Computer Science & Science
https://roman.pt/posts/dont-let-dicts-spoil-your-code/ – Don’t overuse dictionaries in Python, or even better use them only for values with same type. For other situation use dataclases, Pydantic or TypeDict.
https://nolanlawson.com/2022/06/09/the-collapse-of-complex-software/ – The danger of complexity of solutions, ideas and plans. Sometimes less is better than more. I really recommend the discussion under the article.
https://gordonc.bearblog.dev/dry-most-over-rated-programming-principle/ – DRY principle (do not repeat yourself) is fundamental for many programmers, but use it wisely.
Graphs and Visualizations
https://levelup.gitconnected.com/how-to-do-amazing-twitter-network-analysis-in-r-2c258537dd7d – Twitter network of British politicians visualized in R. Intearctive version is available here.
https://tech.marksblogg.com/pretty-maps-in-python.html – Are you in need to create a really pretty map? Then try prettymaps! Convinient, isn’t it?
https://jott.live/html/mm_impl_anim – Everybody knows that vectorization is fast, but it’s not that simple, and this animation will explain it.
Business and Career
https://blog.pragmaticengineer.com/software-engineering-salaries-in-the-netherlands-and-europe/ – The salaries distribution of software engineers is trimodal. The article thoroughly describes reasons from multiple points of view, from a job candidate to the reasons of a company, its competions and more. Must read.
https://www.oreilly.com/radar/drivetrain-approach-data-products/ – Building a true data based product is not an easy task, so have a look at these 4 steps of Drivetrain Approach. (rcmd by reader)
https://www.kitchensoap.com/2012/10/25/on-being-a-senior-engineer/ – What does it mean to be a senior engineer? What do you need to change to fit in this role?
Pop
https://theconversation.com/is-googles-lamda-conscious-a-philosophers-view-184987 – Is LaMDA by Google conscious? Whether it is or not, we will see similar questions more and more often.

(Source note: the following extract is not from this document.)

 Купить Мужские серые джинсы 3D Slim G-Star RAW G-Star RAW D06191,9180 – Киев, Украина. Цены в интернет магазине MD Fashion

https://www.scientificamerican.com/article/artificial-general-intelligence-is-not-as-imminent-as-you-might-think1/
– General AI is far far away. One of the reasons can be unrelibility of current AI solutions. Don’t fall for a hype.

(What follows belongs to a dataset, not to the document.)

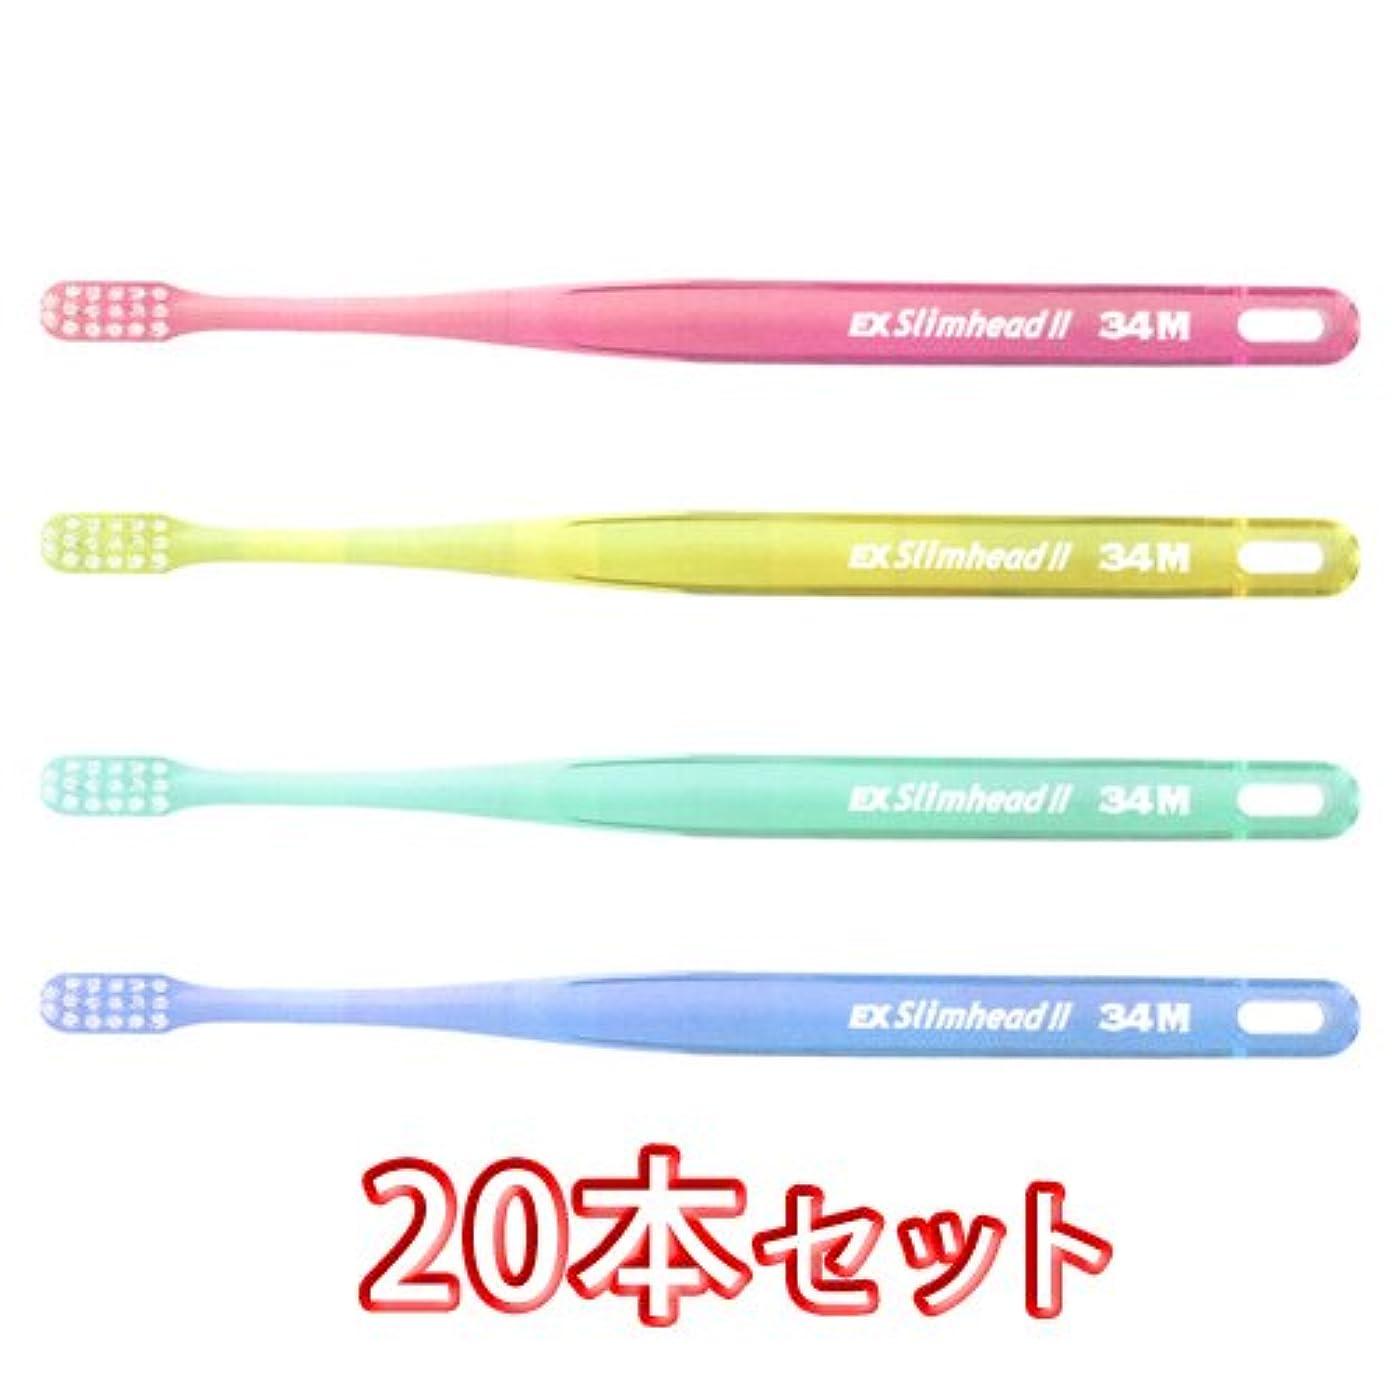 クーポンラテン行くライオン スリムヘッド2 歯ブラシ DENT . EX Slimhead2 20本入 (34M)

https://www.dailymail.co.uk/news/article-11010077/Chinese-courts-allow-AI-make-rulings-charge-people-carry-punishments.html – We mentioned China’s totalitarian and dystopian use of AI in DSB #22, DSB #31, DSB #38, DSB #41, DSB #81 and DSB #124. Another chapter in this fascinating development is smart court, when AI helps run courts. A judge must explain when he or she rejects machine’s recommendation.
Education
https://guicommits.com/how-to-log-in-python-like-a-pro/ – Good logging isn’t that easy as it may seems. This article is the precisely what you need to read if you are using only one log level and most of your code is just copied.
https://architecturenotes.co/things-you-should-know-about-databases/ – Simple but still a good intro to databases.
https://web.stanford.edu/class/cs25/ – Stanford class CS25: Transformers United.
MLOps
https://red-engine.readthedocs.io/en/stable/index.html – Red Engine is a scheduling framework for Python. And at the first sight it looks good!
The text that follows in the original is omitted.